10 old-school tricks you can use to keep the NSA from spying on you

Concerned that your communiqués aren’t as private as they should be? You aren’t alone.

Mar 2, 2020, 1:13 am*

Internet Culture

 

S.E. Smith

Worried about NSA spying? Concerned that your communiqués aren’t as private as they should be? You aren’t alone—and you don’t have to be Angela Merkel to wonder if someone’s tapping your cellphone to find out what you’ve been ordering from the Chinese place around the corner, though your chances of being spied upon definitely go up if you’re Muslim! (Also, no, I don’t want to talk about my relationship with garlic eggplant.)

We’ve got some hot tips for you to help keep you safe from NSA spying, so you can go on doing what you do best: Looking at amazing videos of bald eagles on the Internet and reading listicles.

1) Typewriters

They’re not just for hipster décor anymore! Typewriters are where it’s at for keeping your most important writing safe from NSA spying. Just ask the Russians. Or the Germans. Using manual typewriters to create sensitive documents and never digitizing them allows you to keep your most classified records…classified.

2) Carrier pigeons

We get it. Sometimes you need to send messages. Your phone isn’t secure, you probably shouldn’t trust your email…why not carrier pigeons? They’re fun and easy to raise, and you can always eat the failures (assuming you can find them). You might be worried about drones, but we think you’ve got at least a year before the NSA gets smart to the carrier pigeon phenomenon—for now, you can totally pass it off as the latest urban farming trend.

Do not, however, rely on marine creatures to carry your missives—the military’s already weaponized our friends of the ocean and they’re out for blood.  

3) Oranges

Be careful: This is only for advanced players. West Wing fans know that orange bowling is a fantastic way to send messages in close quarters (so stop IMing with someone in the same room as you, because you might as well just invite the NSA to read over your shoulder), and it’s been road-tested by political campaigns, too! Best part: You’ll be eating the evidence before the NSA has a chance to catch wind of it, leaving behind only the faint sting of citrus oil.

4) Secret Decoder Rings

The NSA may have some crack cryptographers on board, but even they are no match for the secret decoder ring. Just make sure to keep the decoder window on the bottom so it stays a secret, while your ring will look like a cryptic typographical statement. You love typography, right? You can totally pass this off.  

5) Photoshop Hijinks

Hop on board the Slenderman bus, because you’d be surprised by what you can hide in plain sight. Your secret messages will blend right in with the crowd, allowing you to convey all-important information about which BART station to meet at after work. (Wait, is the whole Slenderman thing actually an NSA conspiracy?)

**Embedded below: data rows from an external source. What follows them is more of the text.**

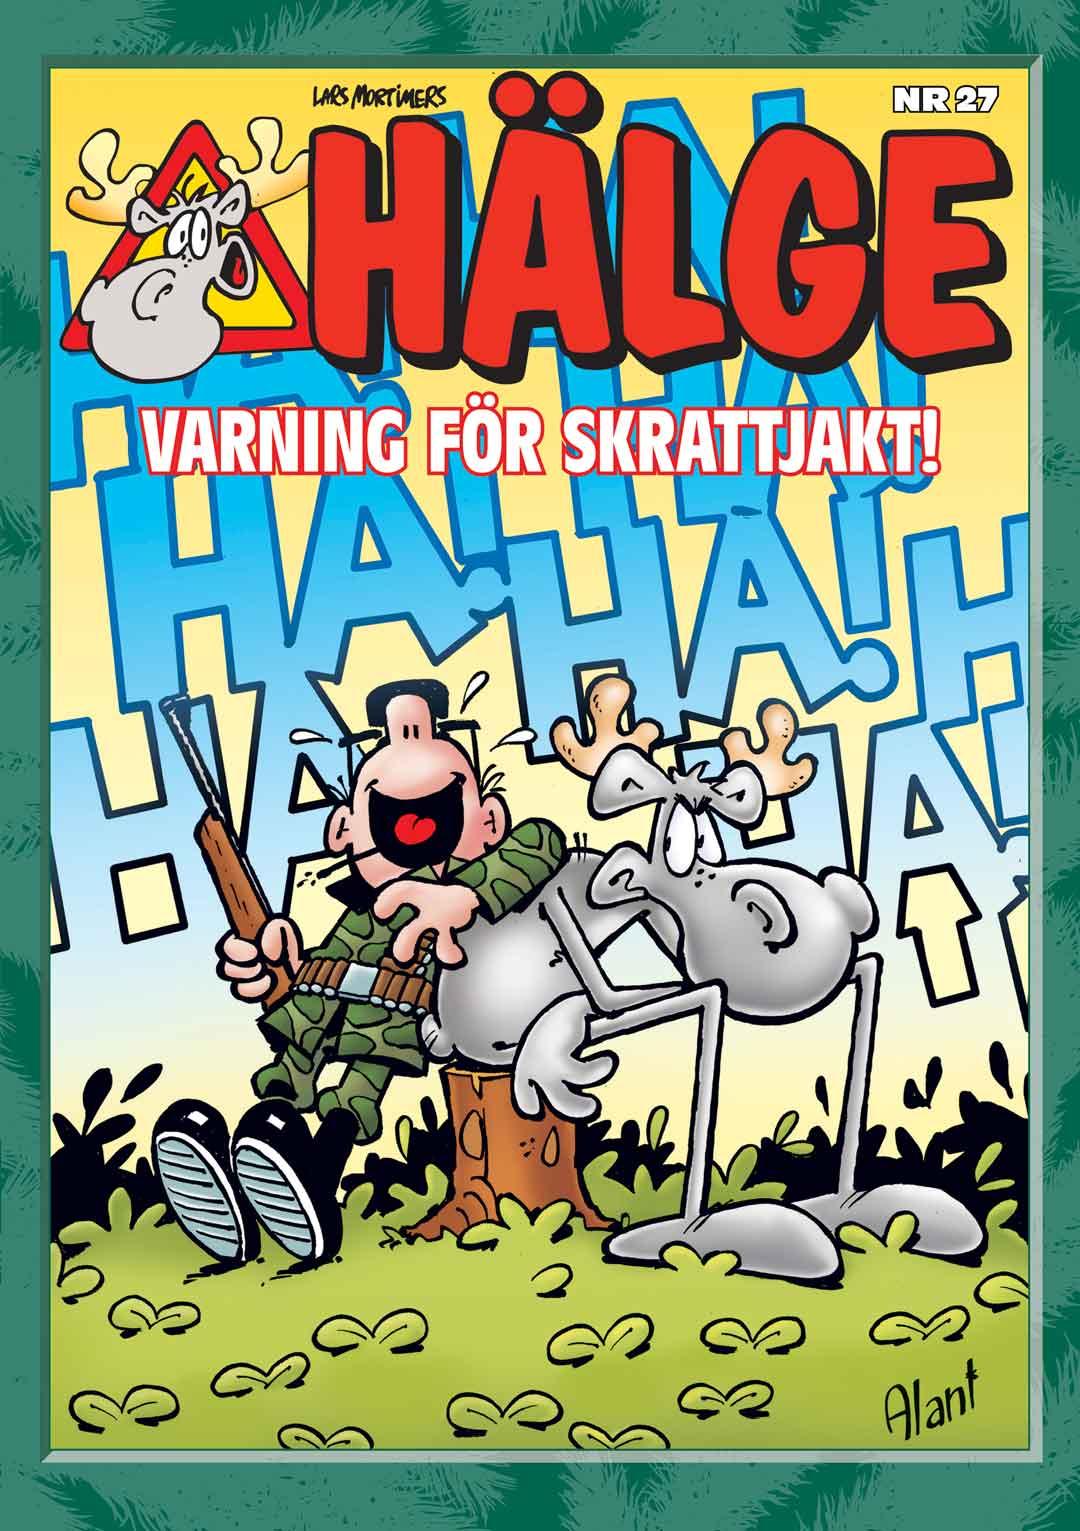 HÄLGE JULALBUM 27: Varning för skrattjakt!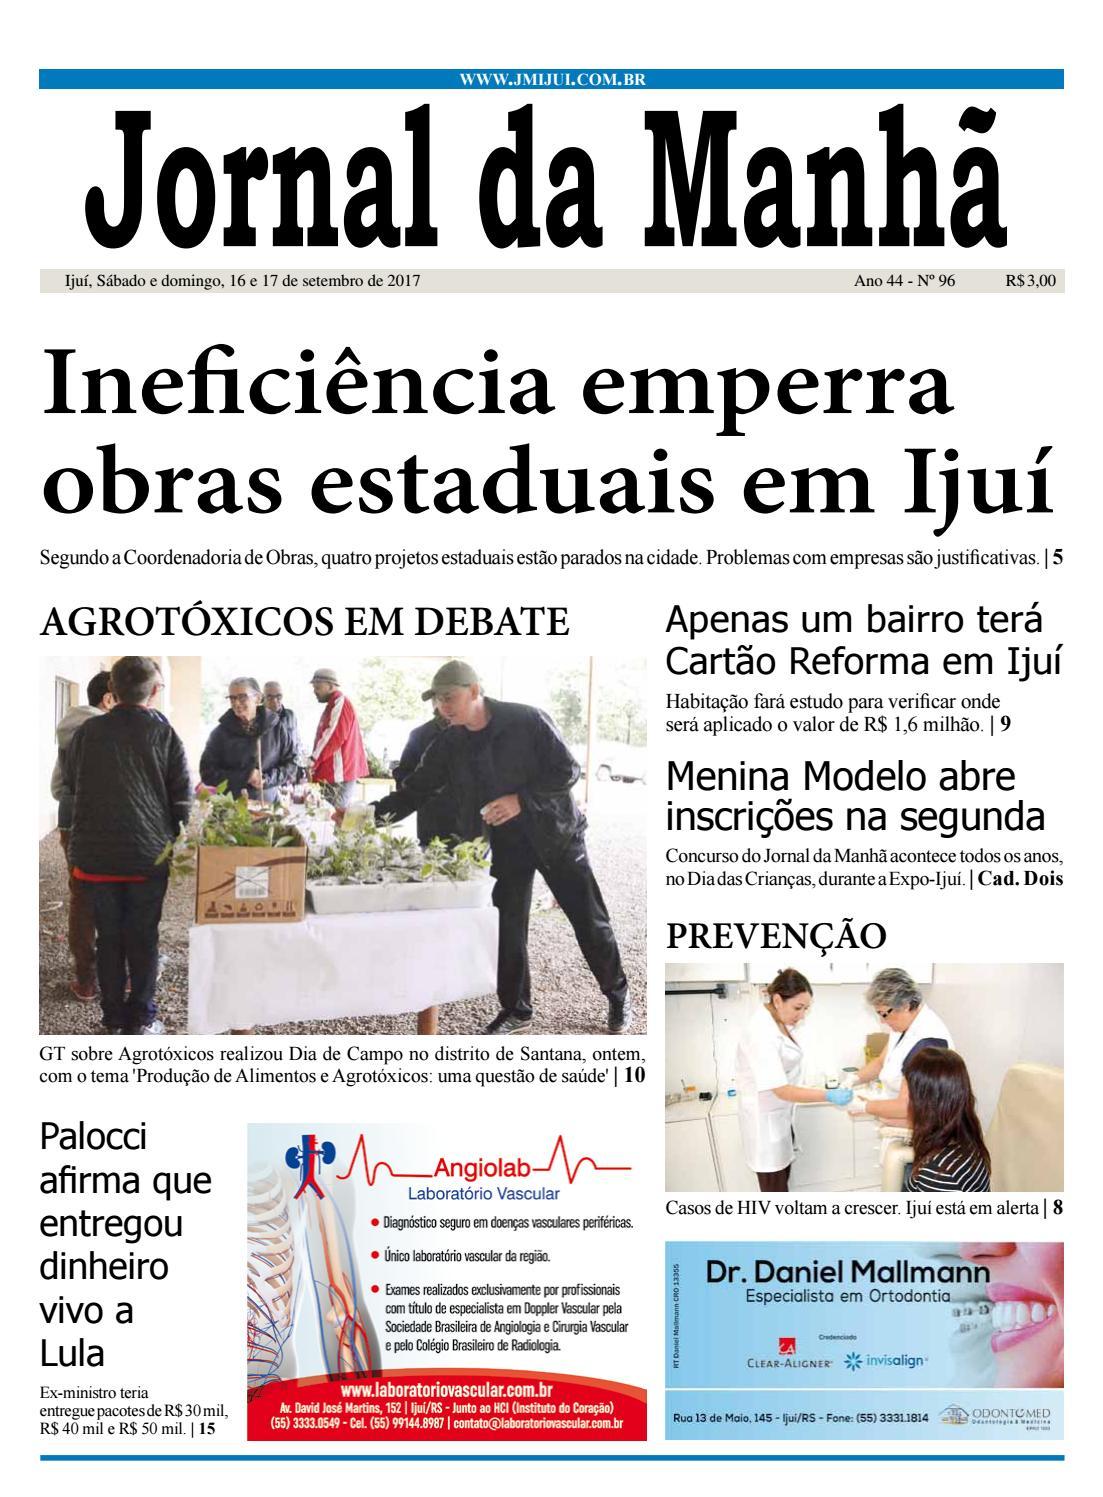 Jornal da Manhã - Sábado - 16-09-17 by clicjm - issuu b737d653092c8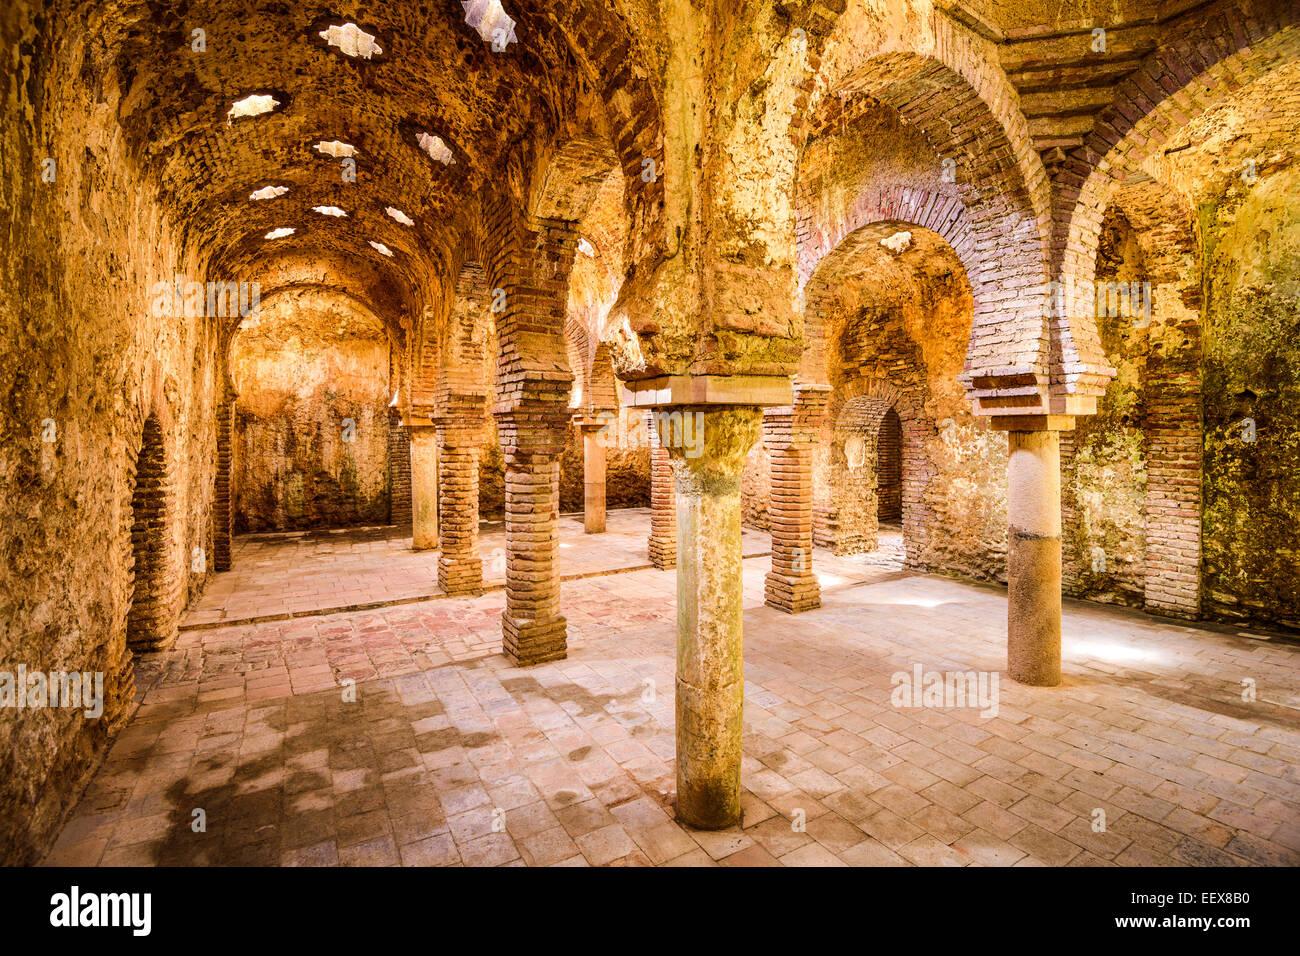 Los baños árabes que datan de los siglos 11th-12th en Ronda, España. Imagen De Stock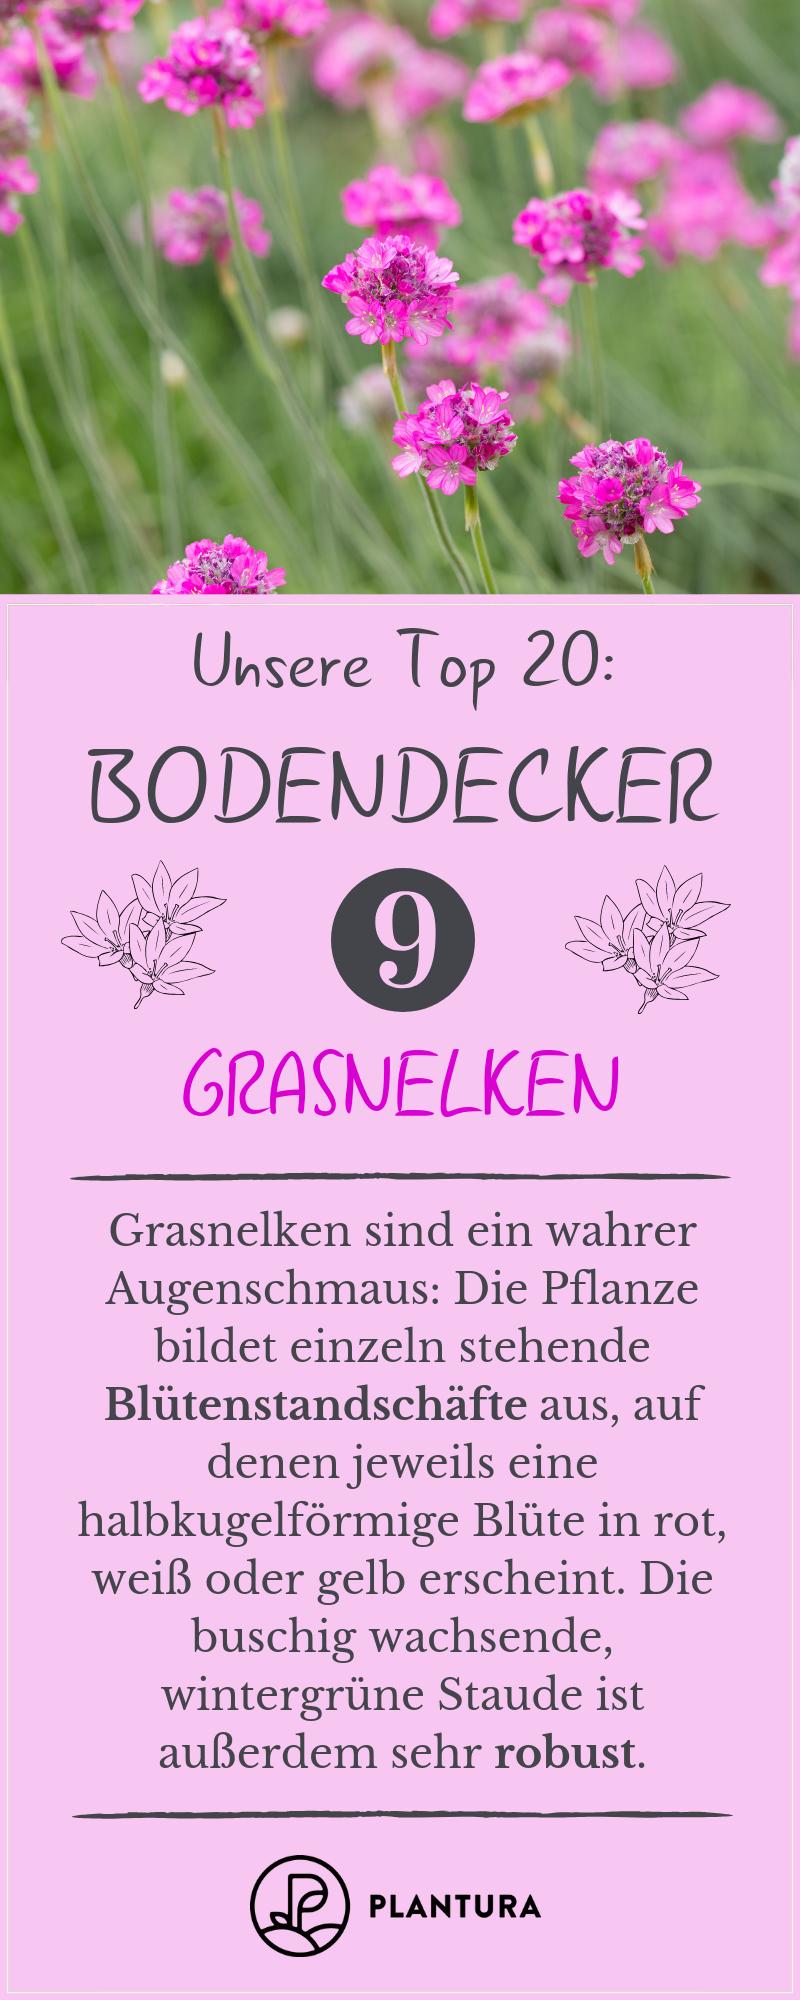 Bodendecker: Die 20 Schönsten für eine einfache Gartengestaltung #kräutergartendesign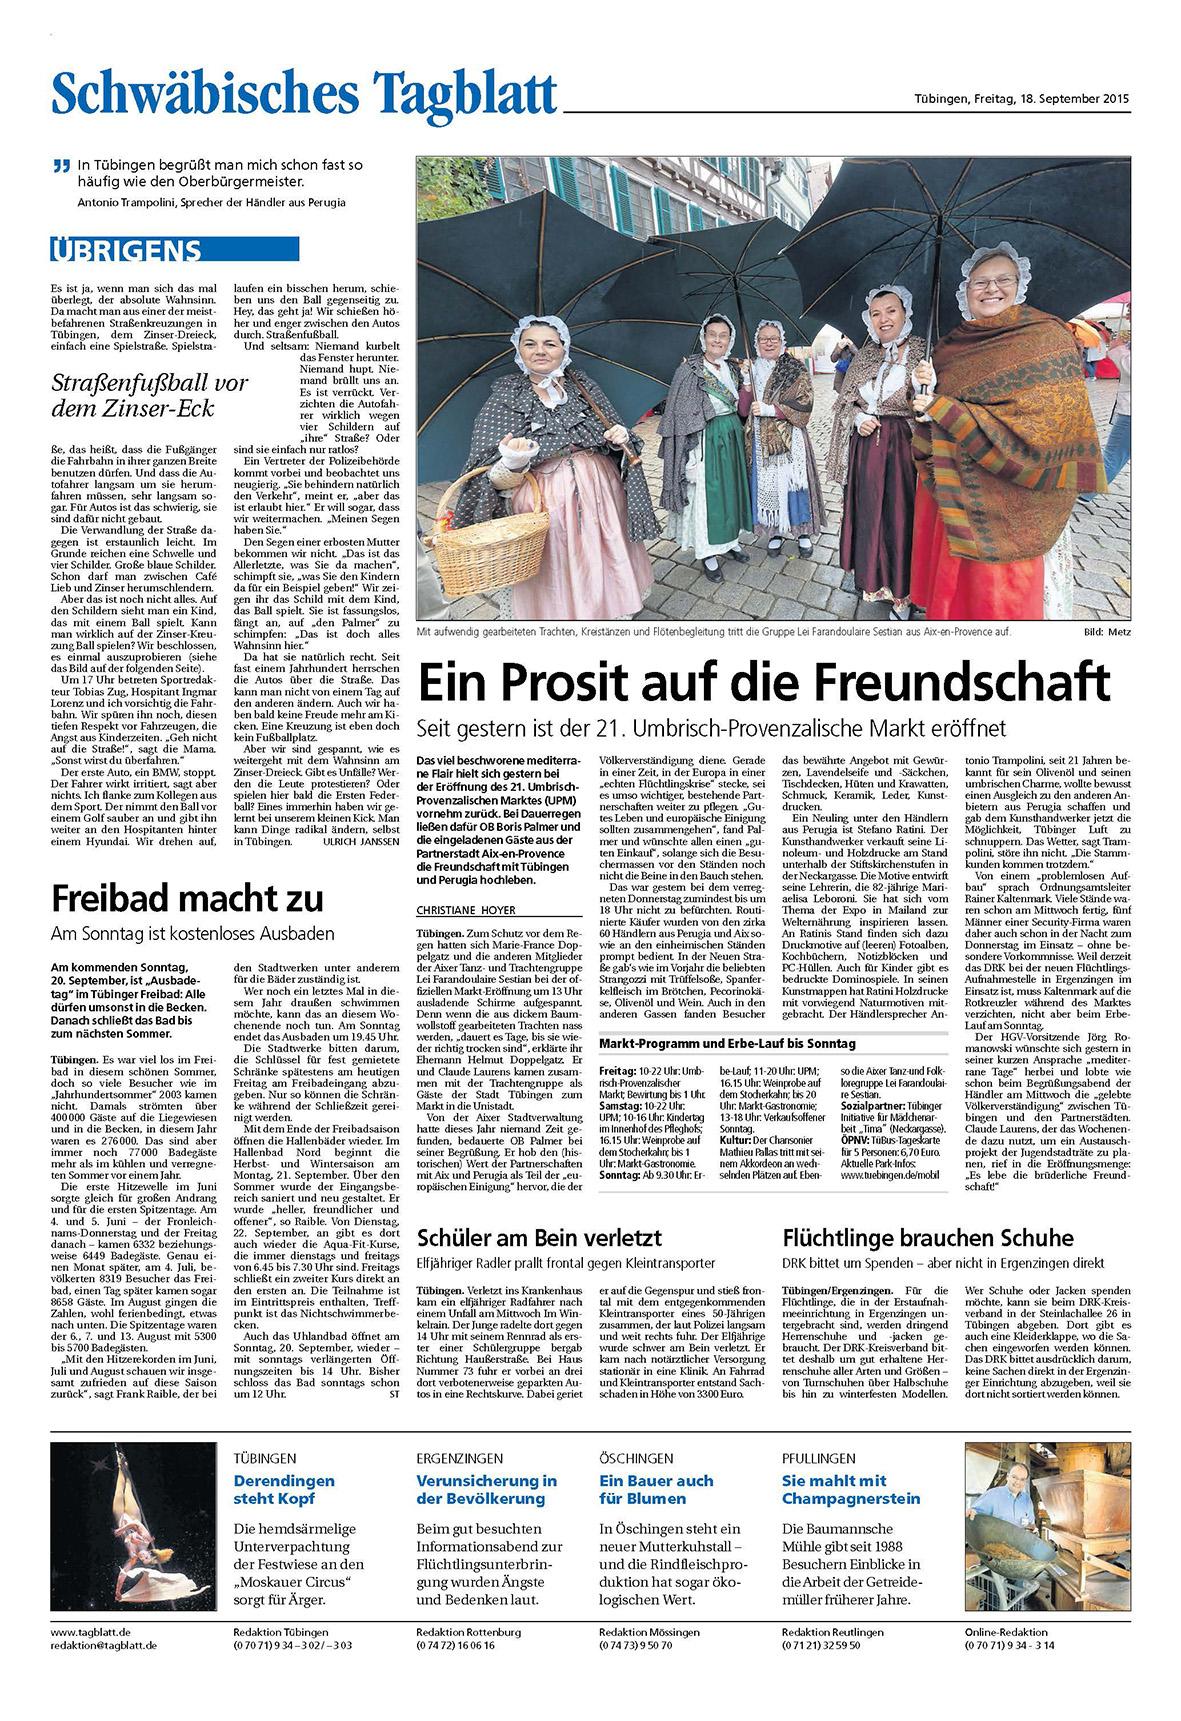 article-Schwabisches-Tagblatt-2015-Tubingen_0

6) Well-Designed Tinfoil Hats

Again, this is for advanced players only. As the NSA wises up to our evasive tactics, it’s important to step up your game so you can avoid their mind control tactics. However, be aware that most tin foil hat designs are ineffective. You need a working Faraday Cage, as discovered by some enterprising MIT students. However, you should consider the fact that this study may actually be an elaborate ruse perpetrated by the NSA.

7) Onions

I read somewhere that onions are apparently really good for sending secret messages over the Internet, although I’m not exactly sure how that’s supposed to work. Edward Snowden used it, and he doesn’t seem to have particularly bad breath, so eating them definitely isn’t what you’re supposed to do. Do you cover your router in onion skins? Shove onions into your USB ports? If someone could get back to me, I’d really appreciate it.

8) Numbers Stations

If we’re going to be exploring throwback methods, it’s time to take a closer look at numbers stations. These mysterious ghosts of the airwaves include a voice reading long series of numbers that won’t make sense to anyone else but you…and the people who loop in on the secret. Confuse the NSA by adding in the infamous numerical sequence from “Lost.”

9) Invisible Ink

While this isn’t going to display right in all browsers, sending emails in invisible ink is something you should definitely consider. Better yet, go old school with lemon juice. For best results with invisible ink, write a regular letter and then write the invisible one. Join an organization like Post Crossing so the NSA won’t find it completely weird that you’re sending letters in the first place, because, seriously, who does that?

10) Semaphore flags

Skip calling and texting, and get cozy with your closest neighbors. Semaphore flags are impenetrable to NSA spying, unless one of your neighbors happens to be an NSA agent. You’ll be flagging like a sailor in no time!